A better alternative is often to listen to your tests (a concept popularized by GOOS). In this case, it sounds like it would be valuable to extract the common behaviour into a public method. This, however, doesn't itself solve the problem of combinatorial explosion. While you can now test the common behaviour in isolation, you also need to prove that the two original methods (Add and Update) use the new public method (instead of, e.g., some copy-and-pasted code).
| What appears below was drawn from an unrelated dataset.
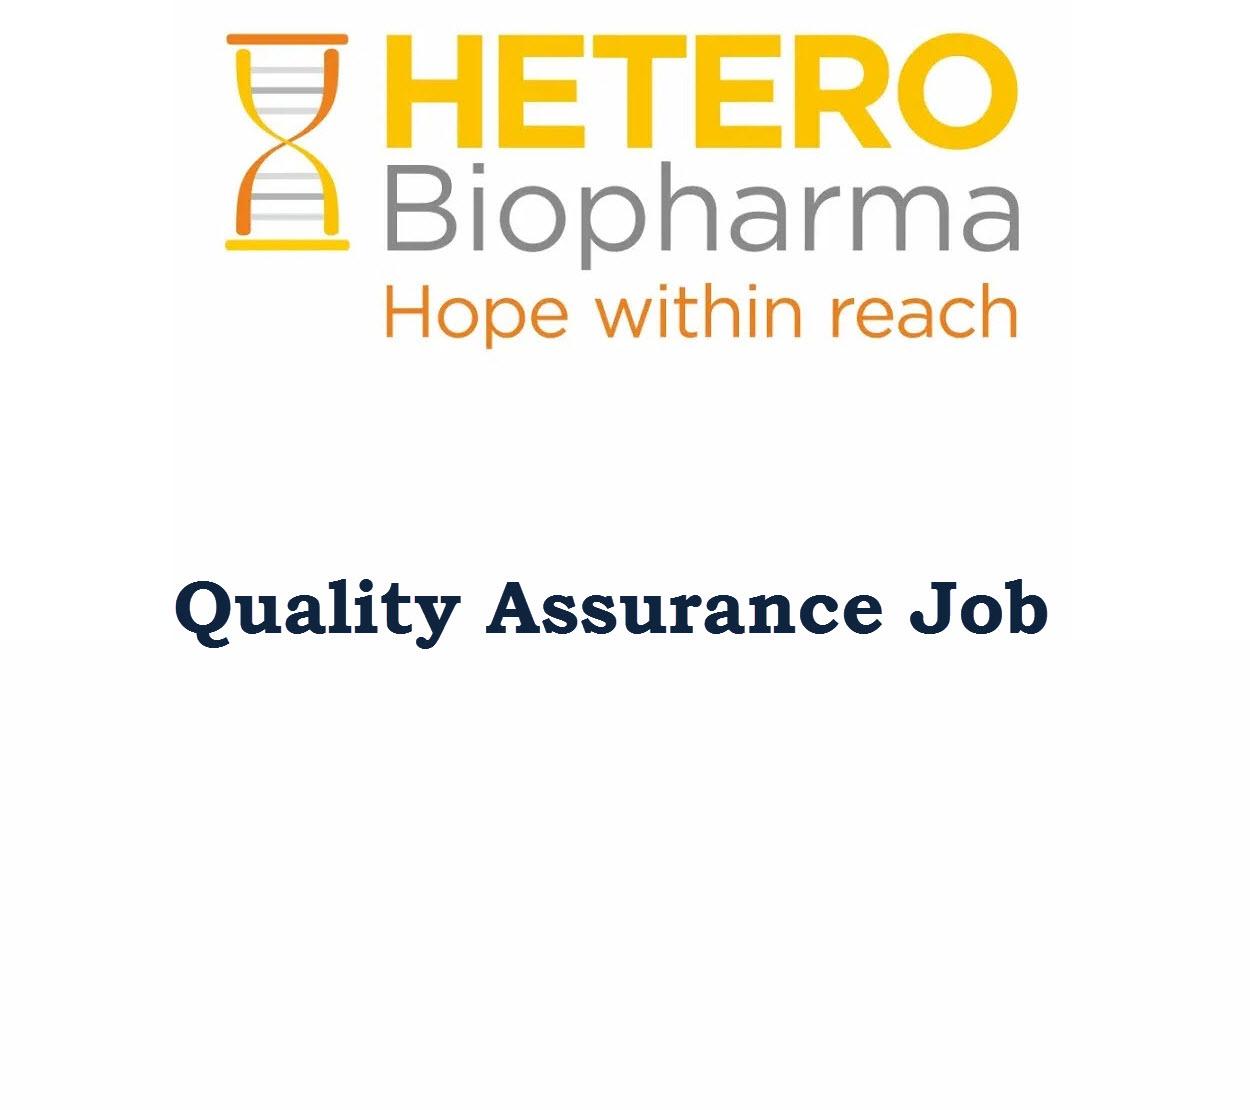 Quality Assurance Job at Hetero Biopharma

The best way to do that is to compose the methods with the new Strategy:

public class Host<T>
{
    private readonly IHelper<T> helper;

    public Host(IHelper<T> helper)
    {
        this.helper = helper;
    }

    public void Add(T item)
    {
        // Do something
        this.helper.AddOrUpdate(item);
        // Do something else
    }

    public void Update(T item)
    {
        // Do something
        this.helper.AddOrUpdate(item);
        // Do something else
    }
}

(Obviously, you'll need to give the types and methods better names.)

This enables you to use Behaviour Verification to prove that the Add and Update methods correctly use the AddOrUpdate method:

[TestMethod]
public void AddT_HasBehaviorA() 
{
    var mock = new Mock<IHelper<object>>();
    var sut = new Host<object>(mock.Object);
    var item = new object();

    sut.Add(item);

    mock.Verify(h => h.AddOrUpdate(item));
}

[TestMethod]
public void UpdateT_HasBehaviorA() 
{ 
    var mock = new Mock<IHelper<object>>();
    var sut = new Host<object>(mock.Object);
    var item = new object();

    sut.Update(item);

    mock.Verify(h => h.AddOrUpdate(item));
}

OTHER TIPS

It is a good practice to avoid duplication as much as possible. This aids code readability and maintainability (and probably other *ablilities ;-)). It also makes testing easier as you can start to test the common functionality in one place and not have to have so many duplicate tests. Also, duplication in tests is bad as well.

Another best practice is to only write unit tests for functionality that has unique logic. If in your Add and Update methods, you are only calling another method, there is no need to write unit tests at that level, you should be focusing on the called method.

Which brings up back to the initial point of not duplicating code and if you have private methods that share duplicate code, it may be a good idea to break it out into something else that you can run tests against.

"Since a lot of the core logic is the same between both, but not all; they are different."

I think you should have separate unit tests for these, because as you say they are not exactly the same. Also, what if you later change the implementation to call two different methods? Then your unit tests will only be testing one of them because they are coupled to the implementation detail of the two methods. The tests will pass, but you may have introduced a bug.

I think a better approach is to test both methods but add helper methods/classes to do the common work.